Yeah there's both a cynical and a non-cynical dismissal of my suggestion to Coinbase custody here.

The non-cynical one would mention that the taproot-only restriction is very significant to them (both smaller anon set and disruption of their workflow; for their security measures they'd probably dismiss such a disruption out of hand; don't underestimate how slowly tech processes can change in big institutions). It would also mention that this is only addressing proof of *assets* not liability proofs which has tended to be the much bigger sticking point. For myself, I would find even *just* a proof of assets from entities like Coinbase custody or Bukele, to be a very good thing.

Binance uses zk-SNARKs for proof of solvency, but it made no difference: https://www.binance.com/en/blog/tech/how-zksnarks-improve-binances-proof-of-reserves-system-6654580406550811626

I like aut-ct, though I believe it has different use cases. In fact, I recently mentioned it in this thread: https://delvingbitcoin.org/t/proving-utxo-set-inclusion-in-zero-knowledge/1142/2

Yes, I did see (at least what's publically written) about Binance. It's not really either clear what you are saying (it didn't make a difference to what, precisely?), nor what the right choice is for each situation. A ZkSNARK nor a bulletproofs or other similar ZKP system won't be needed for the *assets* side of a proof of reserves, *if* you don't care about onchain privacy - which Binance doesn't; they just publish all the onchain addresses. While those systems can help a lot with the trickier proof of liabilities. If you do care about onchain privacy, these systems have tradeoffs; to get a bigger anon set on bitcoin than taproot, you have to address the hashing problem.
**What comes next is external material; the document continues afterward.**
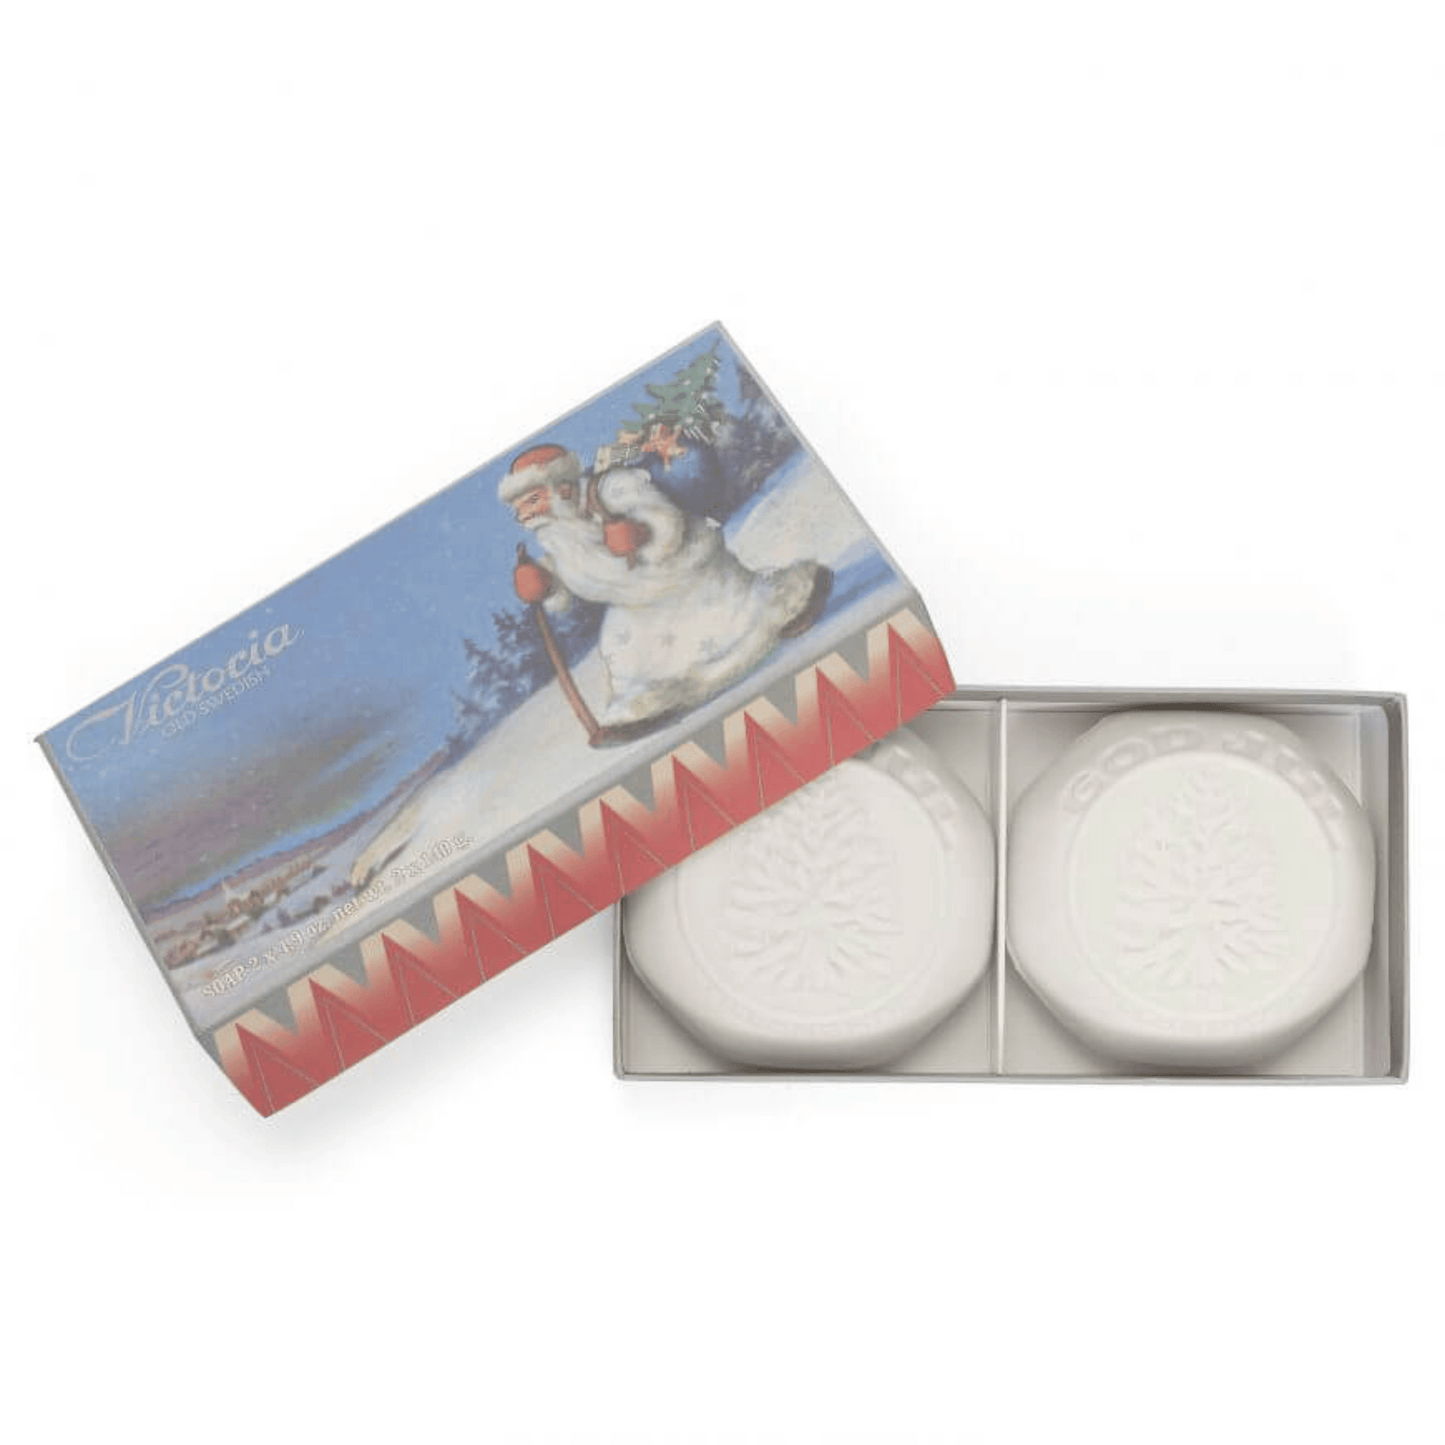 Primary Image of Santa White Suit 2 Pack

The original Provisions protocol of Bunz completely sidestepped this problem; with zksnarks you *can* address it but it is quite, quite tough because you have to build multiple non-algebraic hash function circuits. The result is that at the very least, pre-processing takes horrendous amounts of time.

Also, thanks for the link to halseth's post, very interesting!

In this system, can't I create a taproot key with pubkey (xG+tH) contributing (xG+(t+v)H) to the curvetree, and use that to provide a false proof that I have t sats more than I ever had (and t+v sats more than I can spend, since such a pubkey is unspendable)?

The tree is constructed publically (so both by the prover and the verifier, and whoever), from the public data of taproot pubkeys and sat values of the utxos. The privacy comes from the select-and-rerandomize algo, which makes a blinded version of the commitments xG + vH (in this application), adding rJ. So you can't claim a pubkey or amount that is different, and your knowledge of the private key is ensured by the proof of representation (see 3.6 in the paper).

Is there a comparable proof with segwit or pre segwit utxos?

It's a lot more difficult, because the pubkeys are hidden behind hashes, so without the owner's cooperation you would have to use ZKPs of SHA2 and RIPEMD hash preimages, which is very expensive/complex comparatively.

Is there a how to somewhere to be found? I'd like to try this for a possible usecase of mine. Maybe even a ready script? Would pay for it.

Yes, the docs of the repo explain how it can be done (the readme links to auditor-docs at the top).

It's a pretty involved process, for several reasons.

I'm looking into building a GUI right now.